Two findings that are steps towards fully MR-based TF determination in realistic situations are presented. Firstly, the transfer matrix, that is an extension of the transfer function (TF), can describe the RF response of an implant in a human model. Secondly, a joint minimization of the incident field and the scattered field, determined with the transfer matrix, can describe measured and simulated complex B$$$_1^+$$$ distributions in a phantom with a linear implant present.
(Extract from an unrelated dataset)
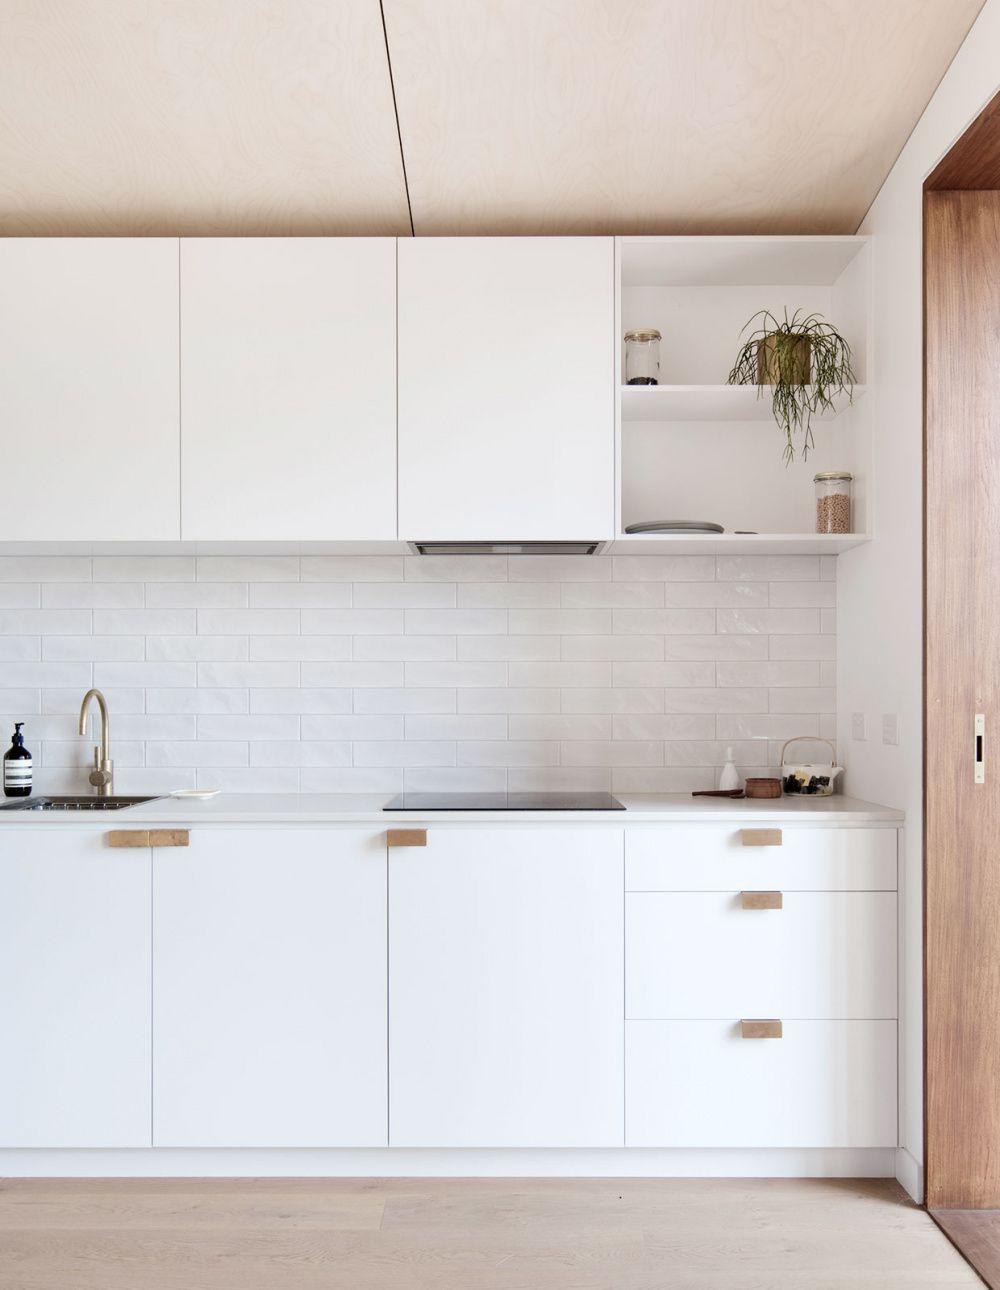 Simple Kitchen Design Best Kitchen Design Home Depot Kitchen Design 20 20 Kitchen Design Free Softwa In 2020 Home Decor Kitchen Kitchen Design Small Home Kitchens

The TM and TF result from this minimization, which enables their determination from a single MRI acquisition with the implant in place.

Purpose

Theory

The transfer matrix, $$$M$$$, relates the induced current $$$I_{ind}$$$ in an implant to an incident electric field distribution, $$$E_{inc}$$$, on an implant trough, $$$I_{ind}=ME_{inc}$$$. Here $$$M$$$ can be parameterized with an attenuated wave model as $$$M(c_k)$$$ with $$$c_k$$$ being the set of three complex parameters, {$$$\sigma_{eff}$$$,$$$r$$$,$$$k$$$} characterizing the implant⁵. The incident magnetic field can be decomposed in SPherical And CYlindrical (SPACY) harmonics⁶, $$$f_n^m$$$,$$B_{1,inc}^+(\alpha_{mn})\approx\sum_{n=1}^{N}\sum_{m=-n}^{n}\alpha_{mn}f_n^m.$$From $$$B_{1,inc}^+$$$ the incident electric field can be calculated by a 1st order differentiation⁷. The scattered field due to the implant is subsequently calculated from the induced current (Ampere’s law) that is modeled by multiplying the incident E-field with the TM. For implants aligned along the z-axis, the total magnetic field is given by,$$\hspace{-50mm}B_{1,tot}^+(\alpha_{mn},c_k)=B_{1,inc}^+(\alpha_{mn})+B_{1,scatter}^+(\alpha_{mn},c_k)$$$$\hspace{-19mm}=B_{1,inc}^+(\alpha_{mn})+\frac{\mu_0I_{ind}(\alpha_{mn},c_k)\frac{e^{i\theta}}{2}}{2\pi\hspace{0.3mm}r},$$$$\hspace{-4mm}=B_{1,inc}^+(\alpha_{mn})+\frac{\mu_0M(c_k)E_{inc}(\alpha_{mn})\vert_{\vec{r}_{wire}}\frac{e^{i\theta}}{2}}{2\pi\hspace{0.3mm}r},$$$$\hspace{51mm}\approx\sum_{n=1}^{N}\sum_{m=-n}^n\alpha_{mn}f_n^m+\frac{\mu_0M(\alpha_{mn})\frac{1}{\sigma+i\omega\epsilon}(-2i\partial_x-2\partial_y)\alpha_{mn}f_n^m\vert_{\vec{r}_{wire}}\frac{e^{i\theta}}{2}}{2\pi\hspace{0.3mm}r},\hspace{8mm}(1)$$where $$$\theta$$$ is the azimuthal angle around the wire and $$$r$$$ is the distance to the wire. The differentiation provides the incident electric field from incident B$$$^+_1$$$ SPACY expansion.

Methods

A) Numerical simulations (Sim4Life, ZMT,Zurich) were performed to determine $$$M$$$ for a bare copper wire of 20cm in the aorta of the virtual family model Duke. Two independent RF exposures from a high pass birdcage coil at 1.5T (IQ and QI-feed) were used to verify that the TM correctly predicts the current distribution for various incident E-field distributions(these were determined seperately from simulations without an implant). The transfer matrix parameters $$$c_k$$$ were estimated by minimization of⁵,$$\textrm{arg}\min_{c_k\in\mathbb{R}}\|I_{ind}-M(c_k)E_{inc}\|,$$for the IQ-feed simulations. Subsequently, this TM was used to calculate the induced current for QI-feed and compared to the actual current. B) The main drawback of the previously presented method⁵ is the need for matching separate simulations to determine the incident, tangential E-field. Here we present an alternative. We estimate the TM and the incident E-field in a joint minimization approach from a simulated or measured distribution combined with the model of equation 1.$$\hspace{55mm}\textrm{arg}\hspace{-5.3mm}\min_{c_k\in\mathbb{R},\alpha_{mn}\in\mathbb{C}}\|B_{1,meas/sim}^+-B_{1,tot}^+(\alpha_{mn},c_k)\|.\hspace{40mm}(2)$$The parameters $$$c_k$$$ describing the TM of the implant follow from fitting $$$B_{1,meas/sim}$$$. The main advantage of this joint estimation is that no separate simulations or measurements of the incident electric fields are needed.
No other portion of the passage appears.